GIVEN MATERIAL =>
BEGIN
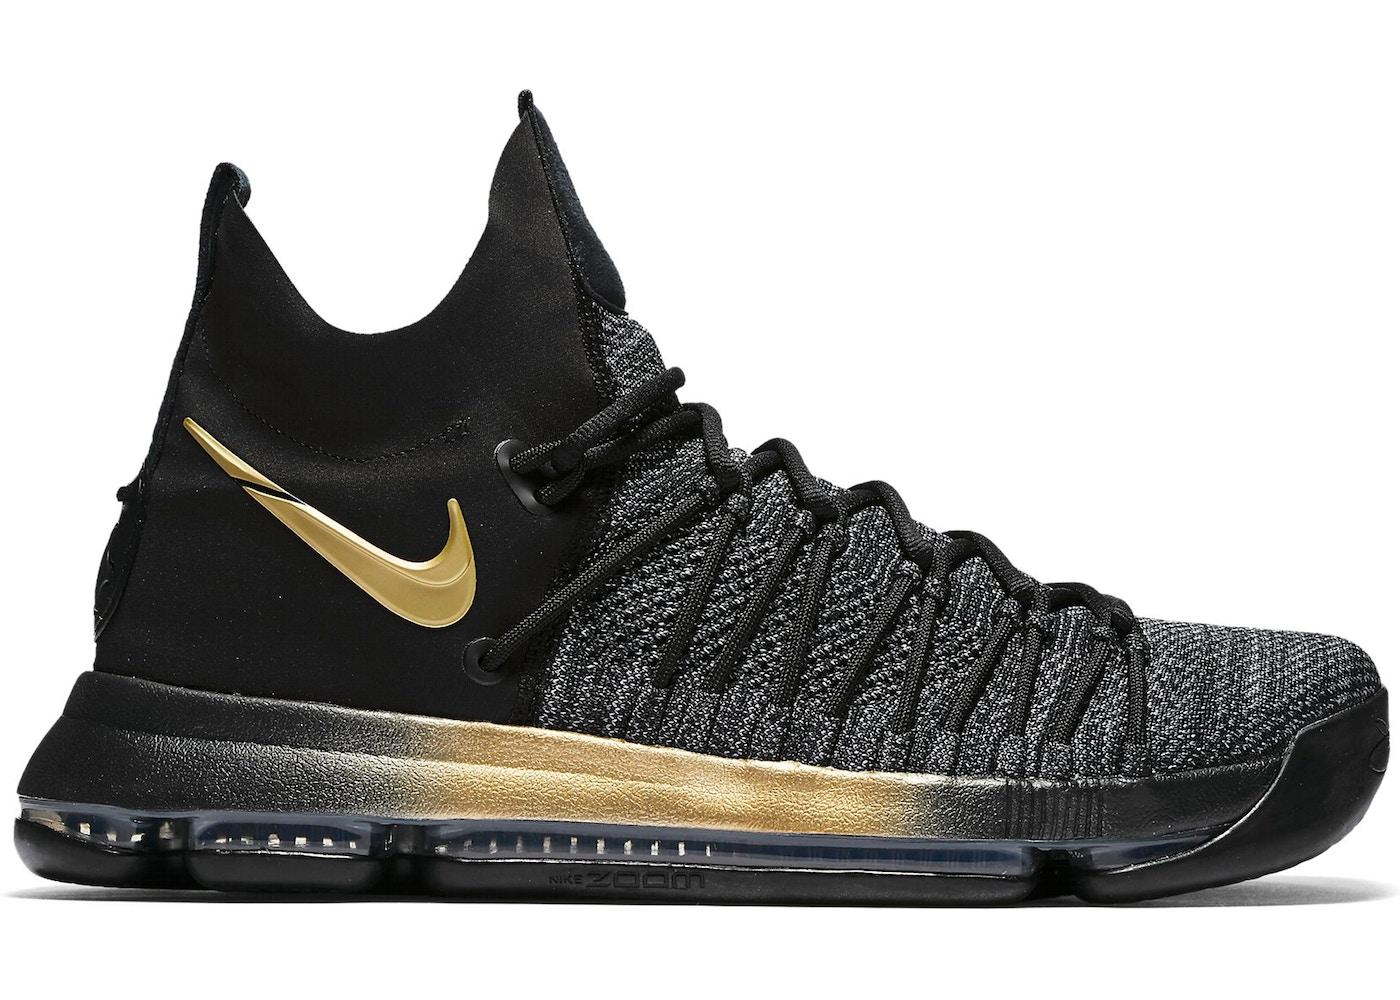 new product 50b93 10e09 Nike KD 9 Shoes - Price Premium
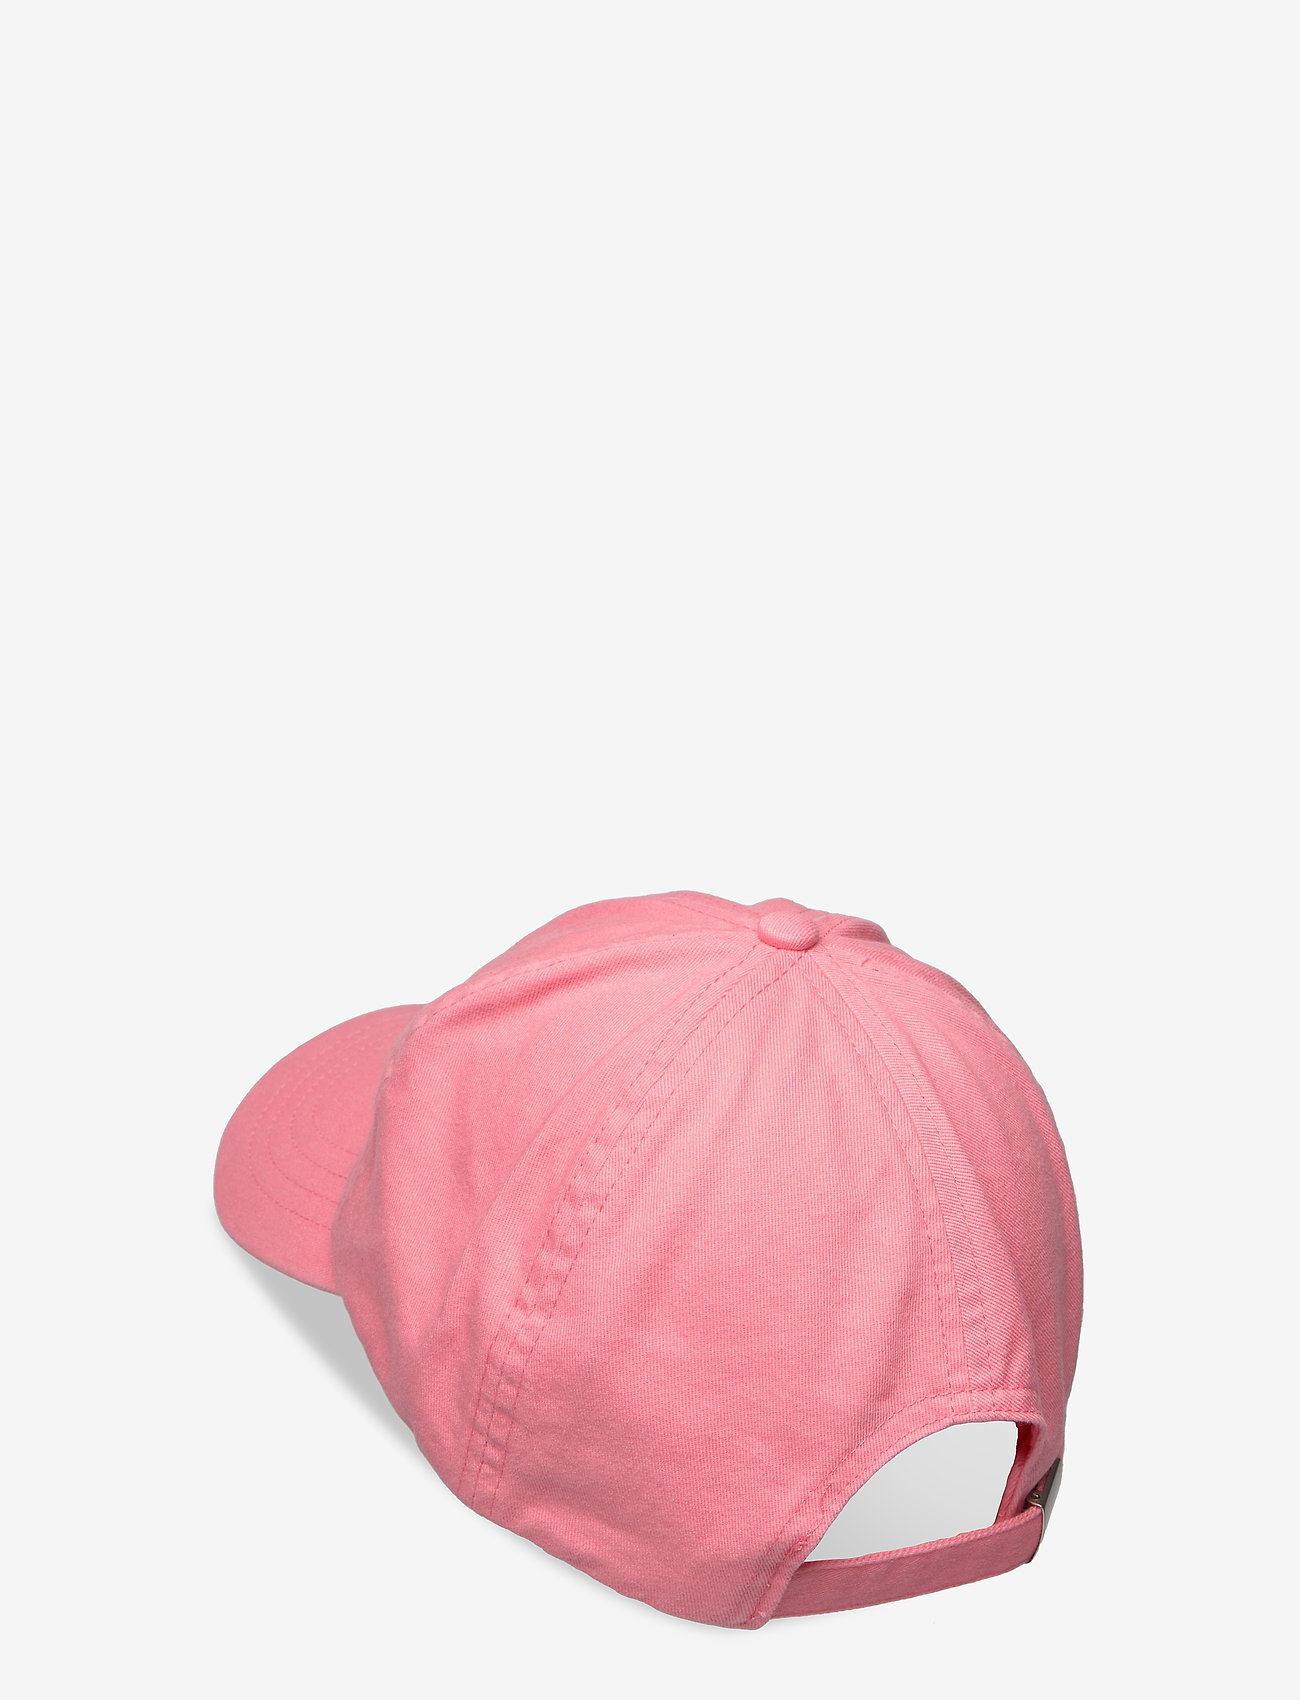 Billabong - ESSENTIAL CAP - kasketter - gypsy pink - 1
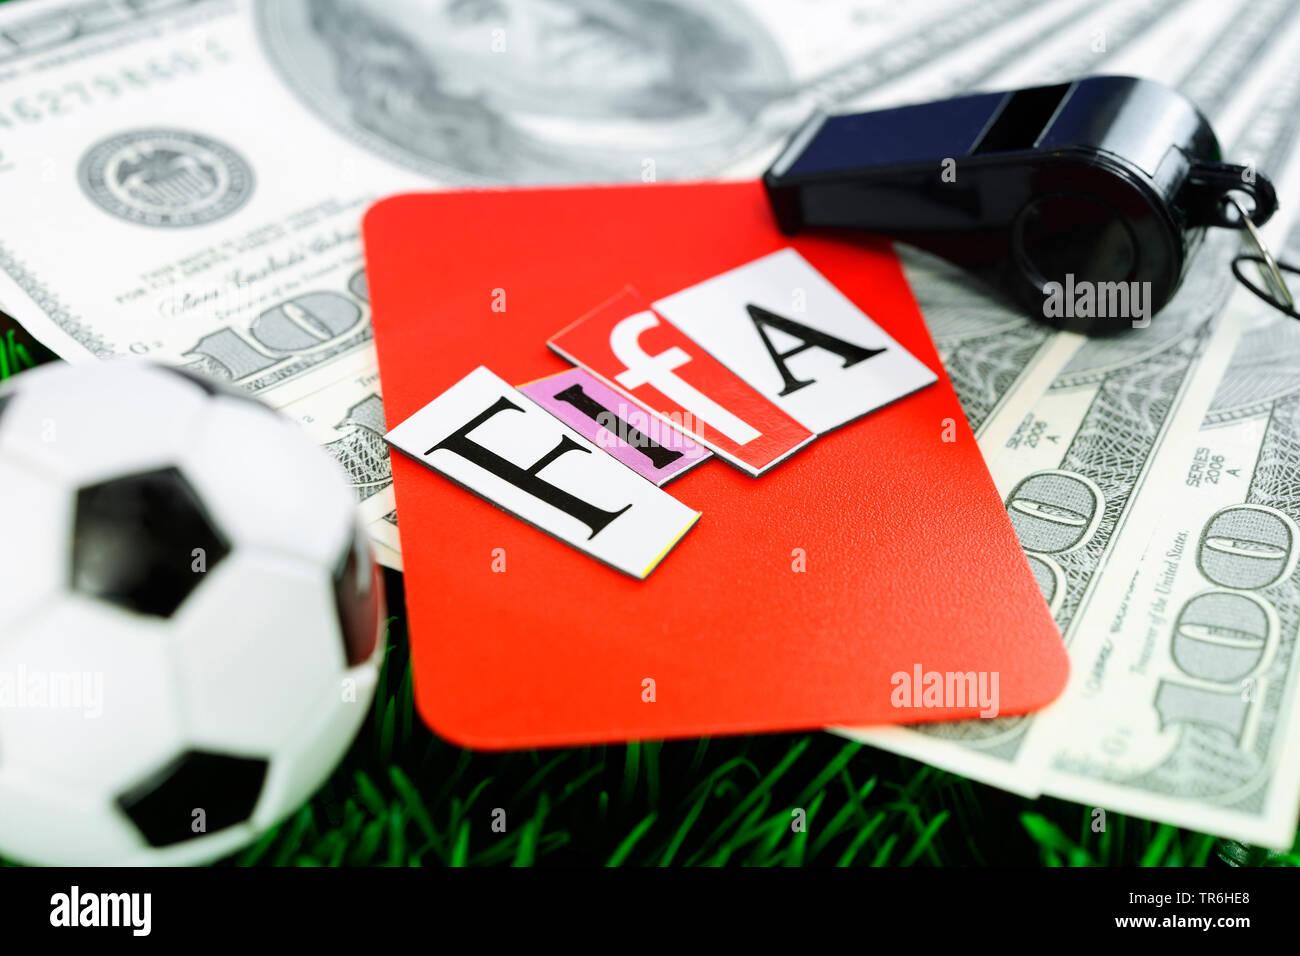 Miniaturfussball mit roter Karte, Dollarscheinen und Pfeife, Fifa-Skandal | red card and football, dollar bills and whistle, FIFA scandal  | BLWS48452 - Stock Image
END
PROBLEM TO WORK ON =>
Pictures excluded, repeat exactly the lines from the top of the material through the line with "Billabong - ESSENTIAL", including both of those lines.

EXERCISE RESPONSE =>
 new product 50b93 10e09 Nike KD 9 Shoes - Price Premium
 Billabong - ESSENTIAL CAP - kasketter - gypsy pink - 1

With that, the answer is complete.